As I noted yesterday, the Supreme Court relisted the petition for certiorari in King v. Halbig. Jon Adler has a detailed post bout whether the Court may ultimately grant cert. Chris Walker adds some insights here. and notes five possibilities of what the relist means: (1) there are four votes to grant, but in keeping with the usual policy, they relist it at least once; (2) one of the Justices asked for more time before the vote, presumably to flip a colleague; (3) there are four votes to grant, but a Justice asked as a courtesy to have more time to consider; (4) there were not four votes, and one justice wants time to draft a dissent from denial; (5) the Justices will hold the case until the D.C. Circuit en banc resolves Halbig.
As Chris notes, I think #5 is unlikely. If the Justices were going to hold, they would have done so right away. Instead, they distributed it for distribution. I’ve asked around, and I don’t know if it has ever happened that the Justices held a petition after it was relisted.

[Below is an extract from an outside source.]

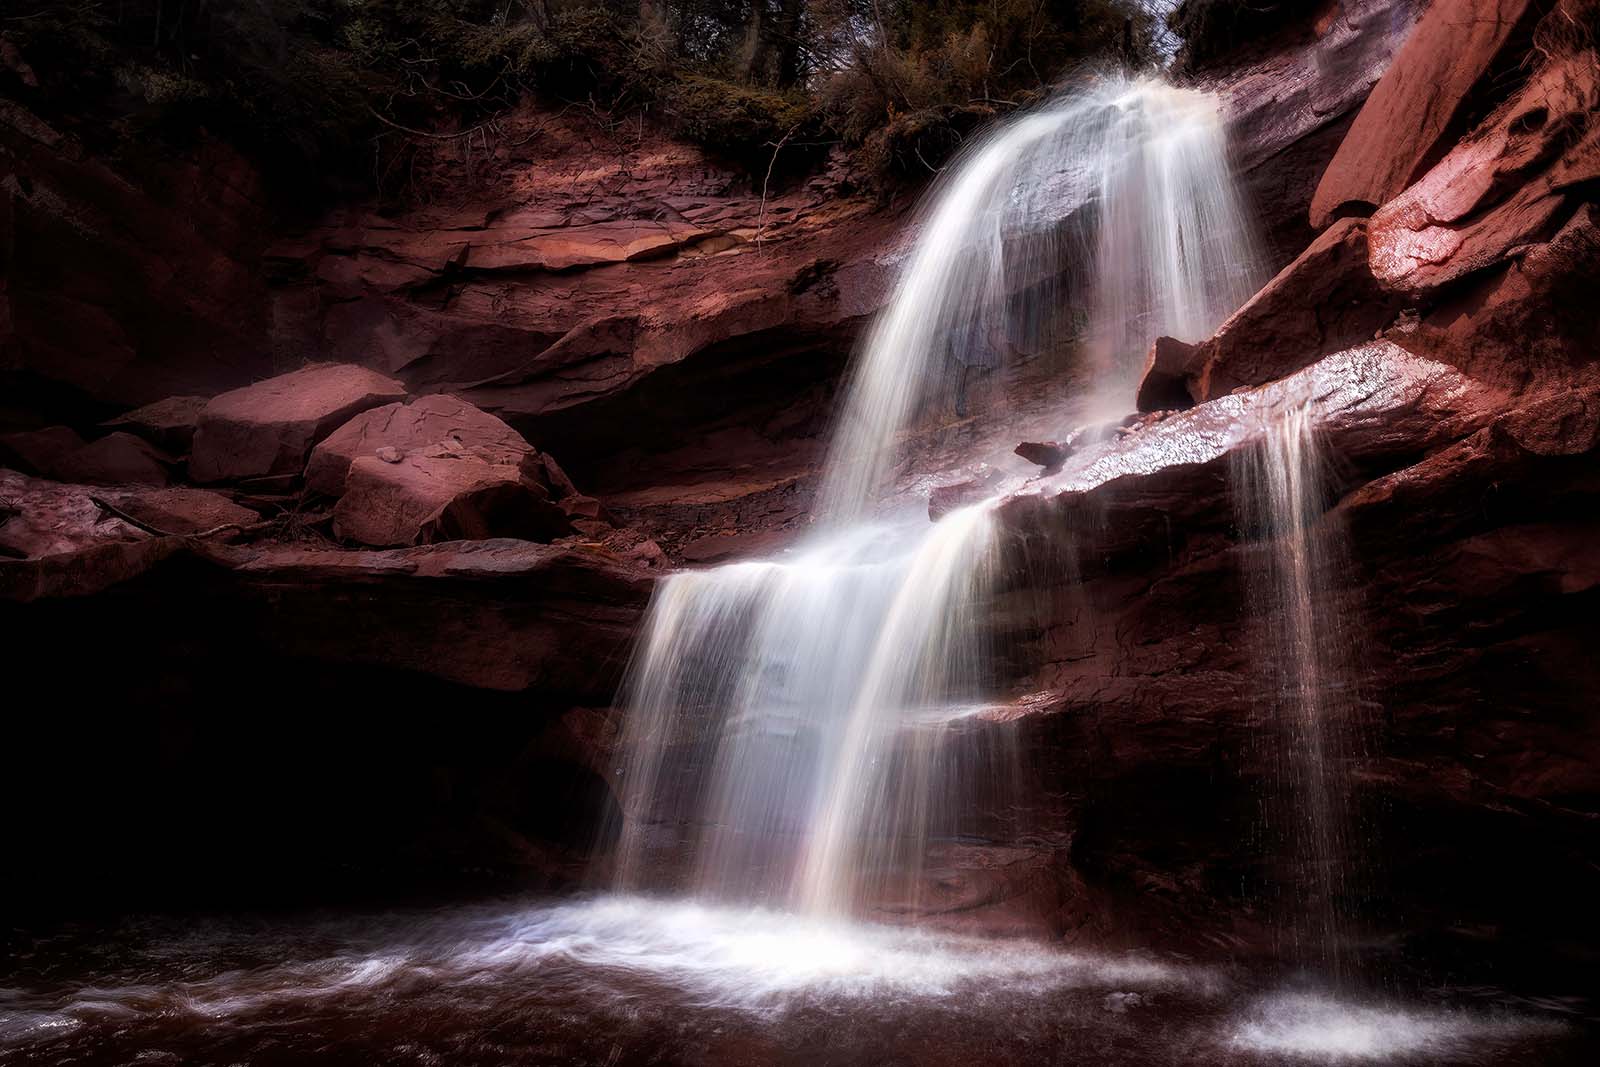 spring snowmelt runoff waterfall in the apostle islands national lakeshore on lake superior wisconsin

But this is, as Chris writes, “a very remote possibility.” It wouldn’t be unprecedented.
I am also skeptical about #4, in light of the recent absence of dissentals in the same-sex marriage appeals. What is the point of dissenting from denial now, when Halbig will come up in the next few months. The most obvious rejoinder to a dissental, is that granting cert in the absence of a Circuit Split is premature. What would a dissental even say? There is a parallel here to the same-sex marriage appeals. In the absence of a circuit split, a dissental makes little sense–even if cert is viable.
So that leaves us with options #1, #2, #3, and of course the run-of-the-mill deny of cert. I don’t have any insights there, but I think we can at least rule out a dissental. This makes the odds of grant a tad bit higher.